I’m going to let you look, but I warn you… my bullet journal is ugly. The theme is somewhere between prison chic and ink splotch. If you are looking for pictures of the sun setting over mountains, this is the wrong place.

Five things daily for my writing career spread
I’m having trouble figuring out exactly where the five things idea came from. I know it was a writer, and I know it was someone you would have heard of, but it’s not coming to me. Anyway, the general idea was that you should do at least five things every day for your writing career. (And yes, there are variations of that all over the internet. Your regular career. Your marriage. Your relationship. Whatever.) For writers, the suggestion was five things. One of them should be writing something and one of them should be reading something. The third labeled column up there is revise something…. but that’s my own personal demon.

The not-so-daily things.
After a month of using the five things spread… I realized that I have a certain number of things that need to be done… but not daily. So, I present my non-daily tasks. These are just fill-in the blanks to make sure that I’m still on target, and that I’m actually doing those things.
I don’t know if you can read it, but I’m designating Tuesdays as typing catch-up days. So, that’s a list of all the Tuesdays in March, and space to write down what I got typed. (Eventually, I’ll be caught up, and that will go away.)
Wednesdays are submission days. (Short stories and novels.) Two lines for each one, and space for a market or agent and the title of what got sent on each one. (That’s probably an oversimplification, but I can always refer to the spreadsheets on my computer.)
And Thursdays wind up being blog days. I’m hoping to get a week of blogging done each Thursday. So, that’s a list of Thursdays, and check boxes for the blog-posting dates that I intend to pre-schedule on that day.

Progress graph
I like to be able to look at my progress in a visual format. This is another calendar.

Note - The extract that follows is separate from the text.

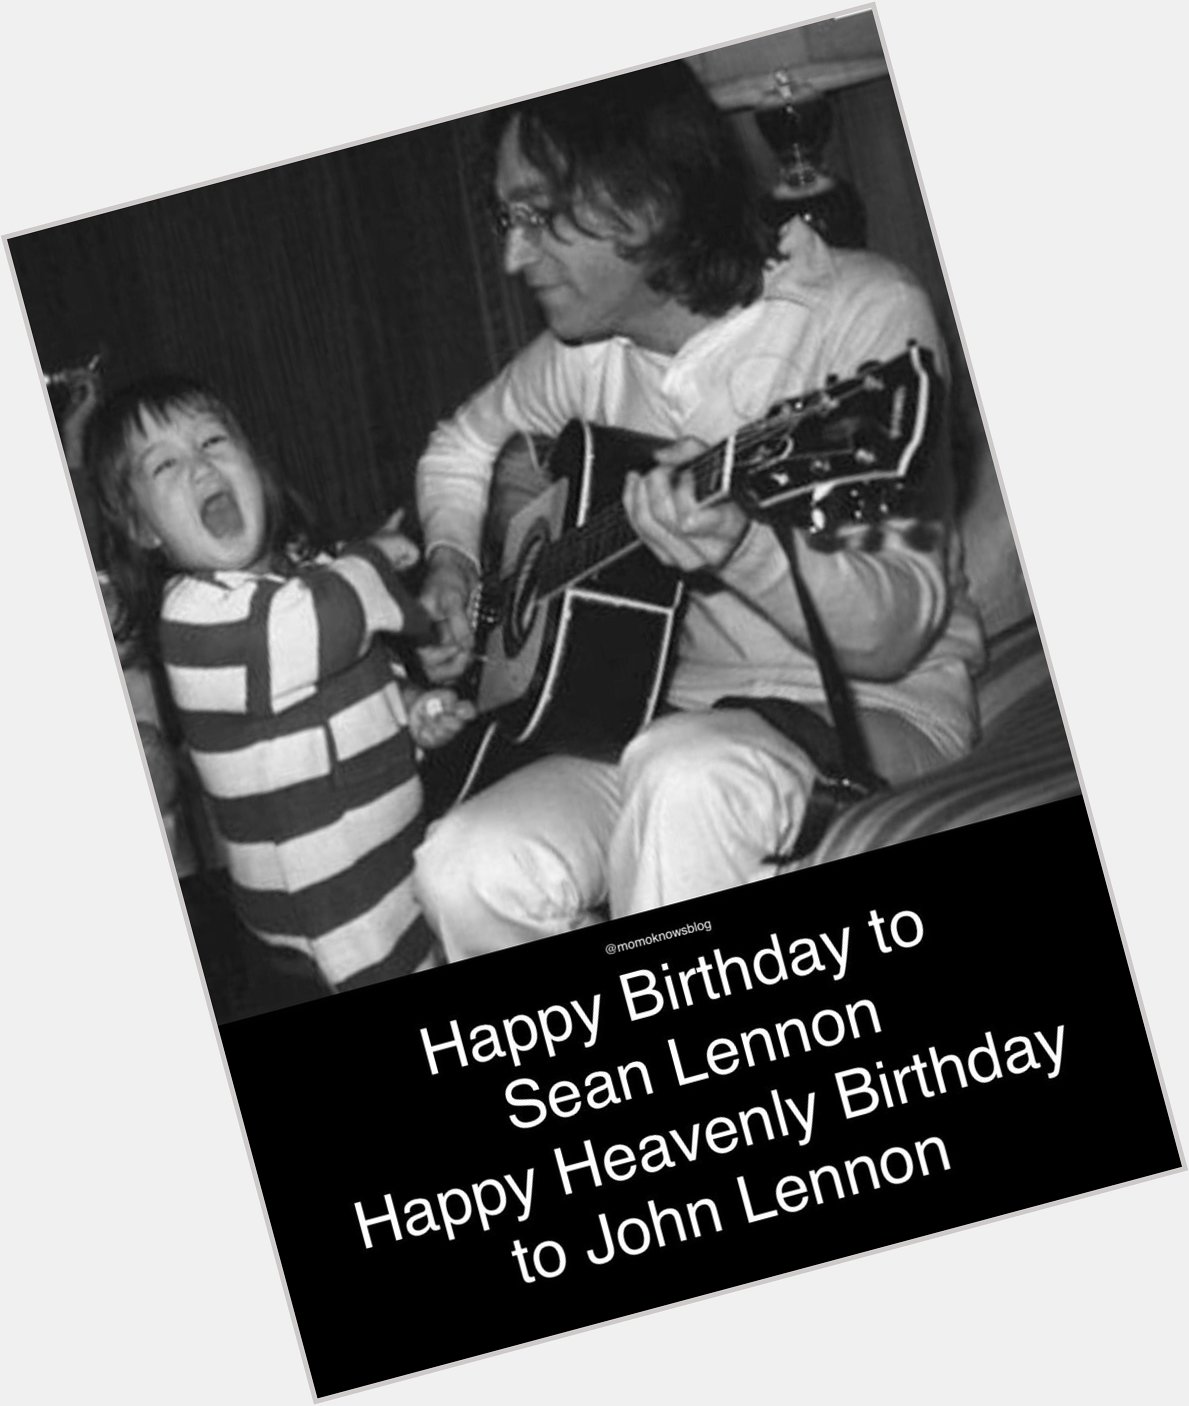 Happy Birthday to Sean Lennon. Happy Heavenly Birthday to John Lennon.

Dates down the left side. And boxes for each page that I write or revise. I’ll fill them in as I go. The first round of the revision graph had each box set at five pages… and I never got to fill much of anything in. Depressing, even if I’m revising four pages a day. This time around, all of the squares are ONE page. I may or may not adjust that, later.
These last two are probably as close as I’ll ever come to doing a full-on self-care spread. They’re both remarkably similar. I’ve written the days and the dates up the left hand side of the page, and each day gets one line. The first one is things I’m looking forward to. “Today Will Rock Because…” And in theory, something that will make today uhm… rock. Damn, that sounds noisy. I stole the idea and the wording from Tobias Buckell here. I’ll probably change the wording, eventually, but at the moment… Today will Baroque cello concerto because just doesn’t sound right somehow.

Today Will Rock Because…
I came across it while I was looking for organization ideas for writers, and the truth is… he’s not wrong. I can go a long time without consciously thinking about (or creating) things to look forward to. And in the middle of a global pandemic, that’s a bad habit that has just gotten a whole lot worse.
The second one is Rest, Relaxation and Regeneration. That’s another pandemic-inspired necessity. I’m hoping to get better about doing something to just… exist and enjoy existing. Or, go do something non-work related. Or… well, you get the picture. It’s about taking time for things that are not all that progress oriented. And yes, apparently, I need a reminder to do that from time to time.

Rest, Relaxation, and Regeneration
So, there we are. Those are my new and improved spreads for March of 2021. Let me know what you’re doing with your bullet journals, and how it’s working out.